Utilizam redes sociais para divulgar os trabalhos que realizam? Se sim, poderia compartilhar?
A primeira rede social do grupo foi o Facebook, criado em 2017, mas atualmente está inativo. Em 2020, criamos a nossa conta no Instagram e hoje em dia é o nosso principal meio de comunicação com o público externo; atualmente, mais de 2 mil pessoas nos seguem. A nossa conta no LinkedIn foi feita posteriormente ao Instagram, assim como o nosso site, o qual foi criado muito por causa do Seminário.
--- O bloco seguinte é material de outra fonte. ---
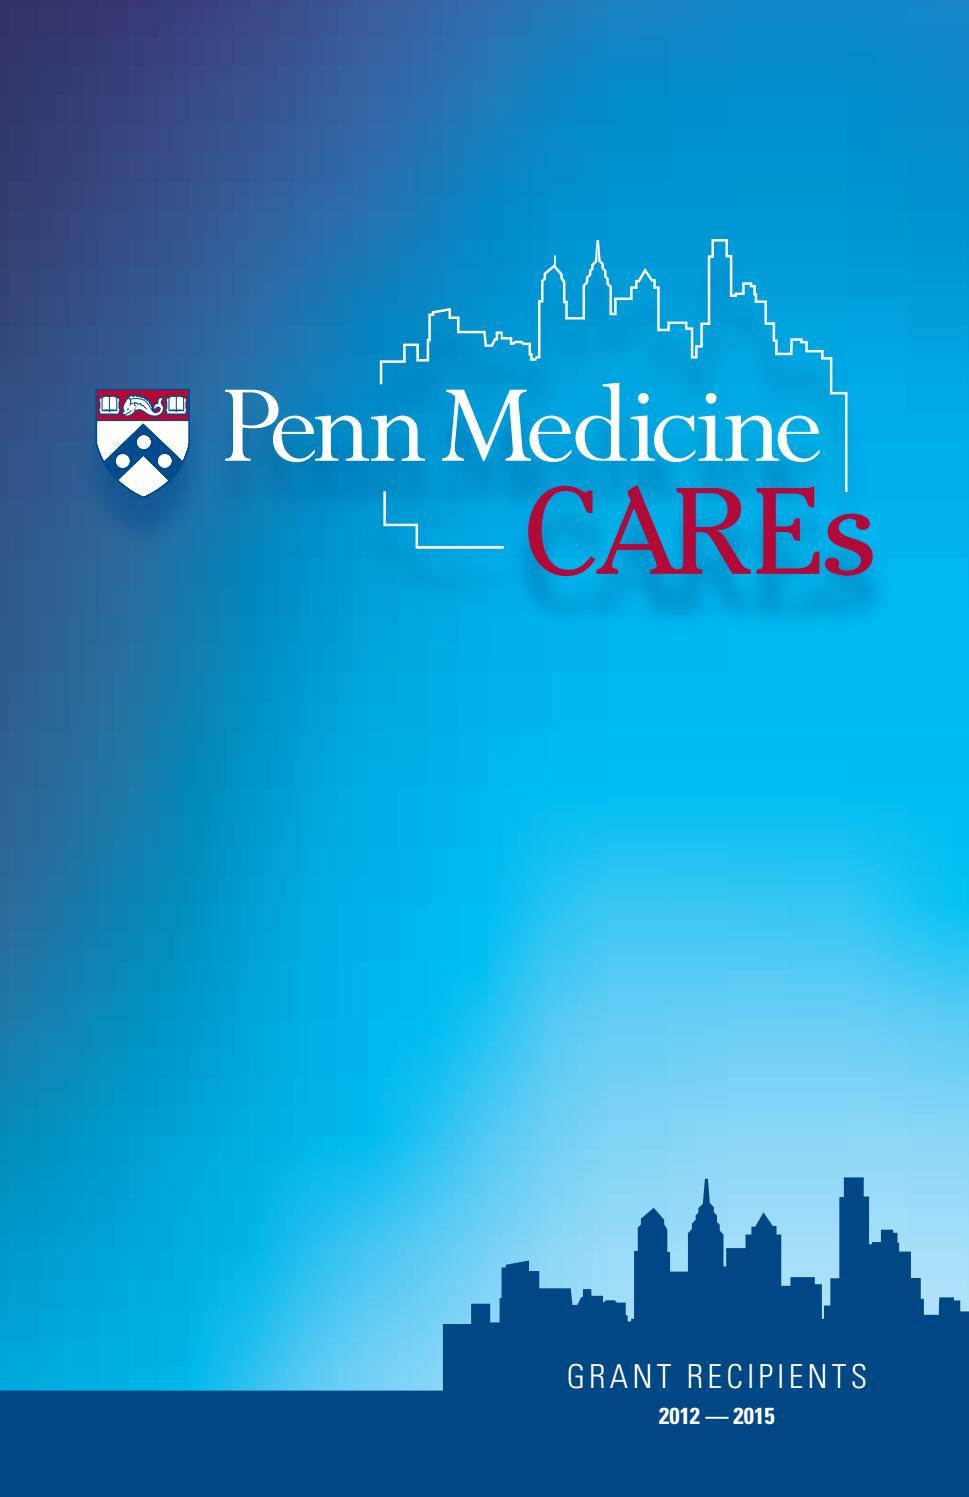 Penn Medicine CAREs | Grant Recipients 2012-2015 by Penn

A ideia era ter um lugar onde as pessoas pudessem encontrar informações facilmente a respeito dos nossos eventos. Até hoje, o site é alimentado com os eventos. Todavia, além disso, ele atua como uma espécie de repositório para nossas publicações: as apostilas desenvolvidas para os minicursos, os anais dos Seminários, nossos artigos feitos como grupo, os Ensaios Acadêmicos, resenhas, entrevistas e demais trabalhos acadêmicos são todos publicados no nosso site. Ele conta nossa história.



Kellynha, sua trajetória é, para nós, fonte constante de inspiração. Seremos eternamente gratas por cada partilha e construção neste longo caminho que é os estudos de gênero.